L’oste è una delle figure “irrinunciabili” sul presepe: egli rappresenta l’avversario per eccellenza, che, con il richiamo dei beni terreni, intende condurci lontano dal retto cammino. Ma, seppure involontariamente, coopera sempre con il progetto di Dio.
Quando, sul presepe, guardi la figura dell’oste, che reca dei fiaschi di vino o una trionfante zuppiera coi maccheroni, non lasciarti ingannare dalla sua figura bonaria e pacioccona: in realtà, sotto il suo bianco grembiule si cela il nostro Antico Avversario, colui che, dopo avere perduto il Paradiso per il suo smisurato orgoglio, si provò a trascinare, per invidia, il genere umano nella sua stessa miserabile condizione.
Colui che, dopo averci allettato proponendoci “false immagini di bene” (Dante), sarà il nostro accusatore, quando ci presenteremo dinanzi al trono di Dio: perché la parola “diavolo” questo significa, l’accusatore.
Una immagine di Gustave Doré, per illustrare il Paradiso Perduto di John Milton, mostra Satana che, invidioso della felicità di Adamo ed Eva nel Paradiso Terrestre, medita la loro rovina,
La figura dell’oste non può mancare sul presepe. Se le discese del paesaggio presepiale rappresentano il cammino verso l’illuminazione e la vera conoscenza di sé, non è pensabile che questo percorso sia privo di pericoli e che lungo di esso non si presentino tentazioni e conflitti.
Perché l’uomo è un campo di battaglia dove perpetuamente si confrontano il bene ed il male. L’uomo, anima e corpo, è sempre oggetto di una scommessa tra Dio e il diavolo. Ricordo una frase che viene attribuita a diversi Santi: all’ateo che dice di non credere in Dio, il Santo risponde: “Non importa.
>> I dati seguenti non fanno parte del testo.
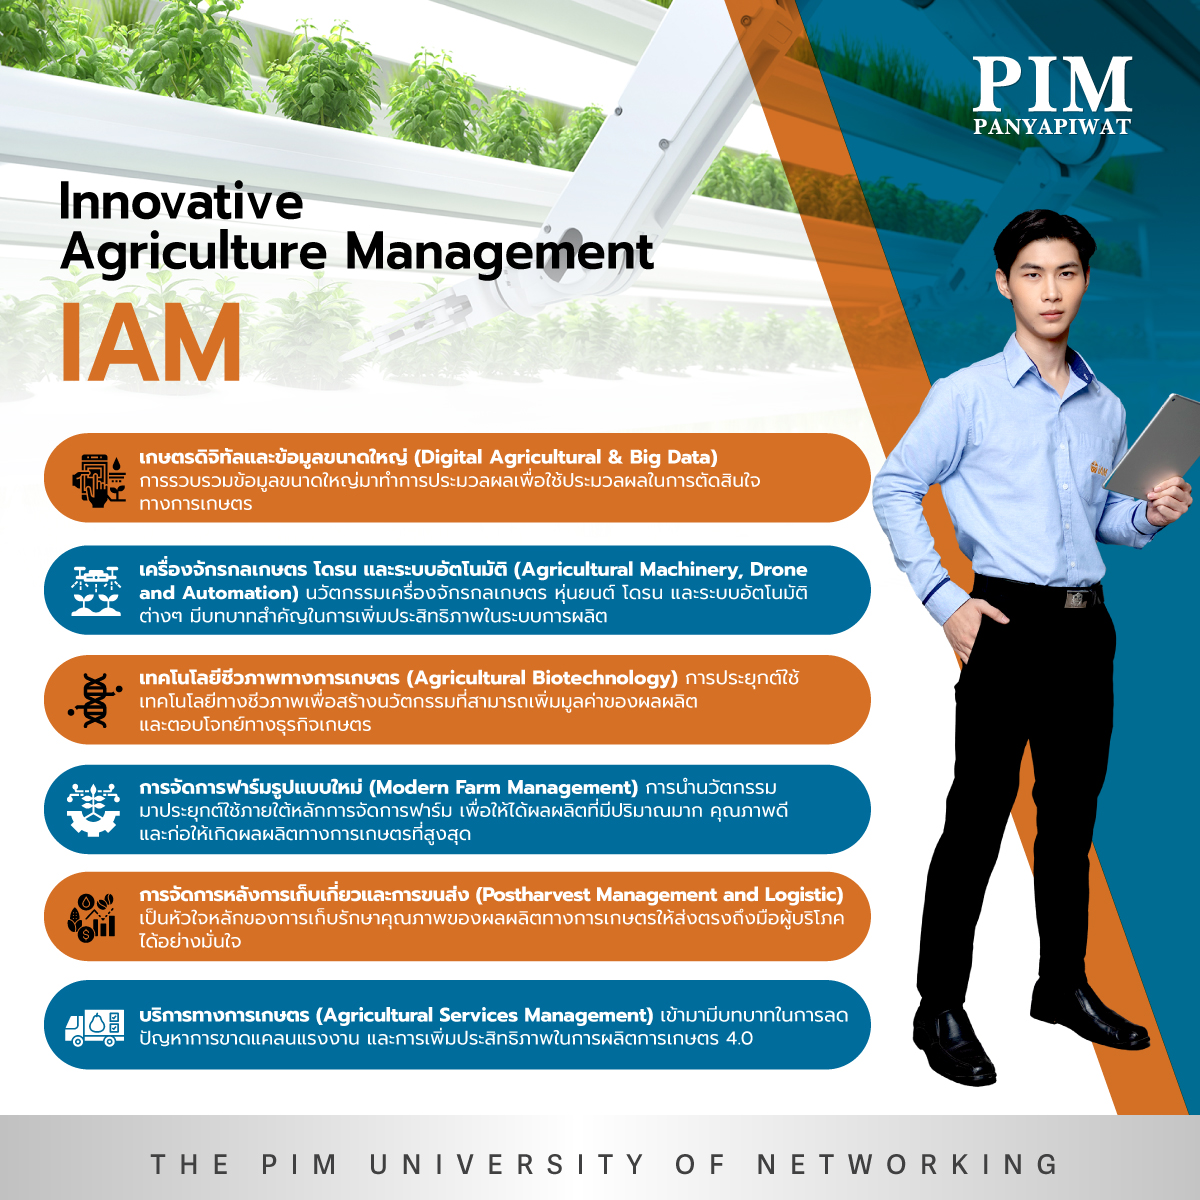 คณะเกษตรนวัตและการจัดการ Innovative Agriculture Management – IAM Caption: คณะเกษตรนวัตและการจัดการ พีไอเอ็ม สอนการทำเกษตรแบบใหม่ให้เป็นธุรกิจที่ประสบความสำเร็จด้วยการจัดการตลอดโซ่อุปทานเกษตรและเสริมความรู้ด้านวิทยาศาสตร์เกษตรด้วยนวัตกรรม 6 ด้าน
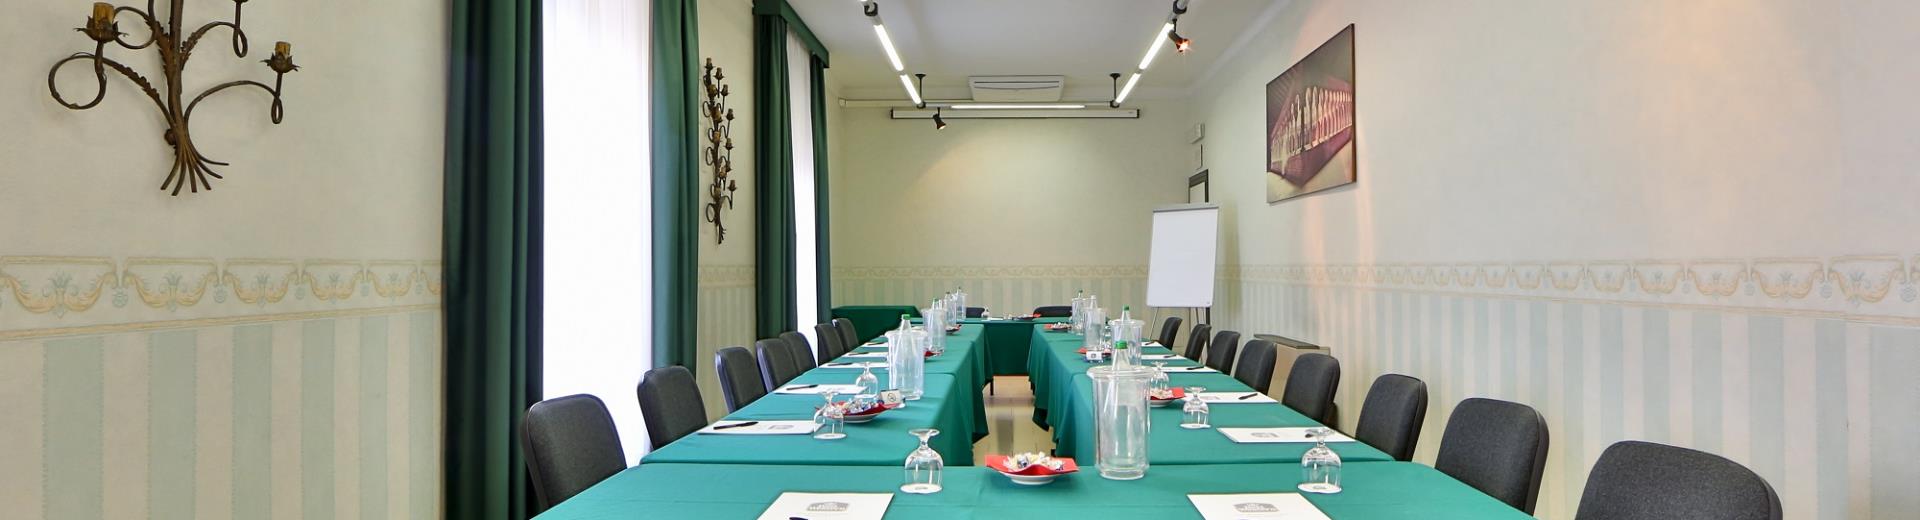 Salles de réunion et de salles à l’hôtel San Donato Bologne

Lui crede in te”.
Sai dove e quando è nata questa bellissima idea che l’uomo ha la responsabilità di non fare perdere a Dio la sua scommessa con il diavolo?
Non saprei dirti esattamente quando, ma posso dirti che si trova espressa in una storia che è una delle più antiche del nostro mondo: nacque, probabilmente, in quella che con parola greca si disse la “terra fra i due fiumi”, la Mesopotamia.
Redatto in forma letteraria, questo racconto costituisce uno dei massimi capolavori della letteratura di tutti i tempi e non solo della storia religiosa di Ebrei e Cristiani.
Sicuramente conosci questa storia: magari, se non l’hai letta, l’hai ascoltata, anche se, forse, in una forma che lasciava spazio al fraintendimento: è la storia di Giobbe, narrata in un libro della Bibbia.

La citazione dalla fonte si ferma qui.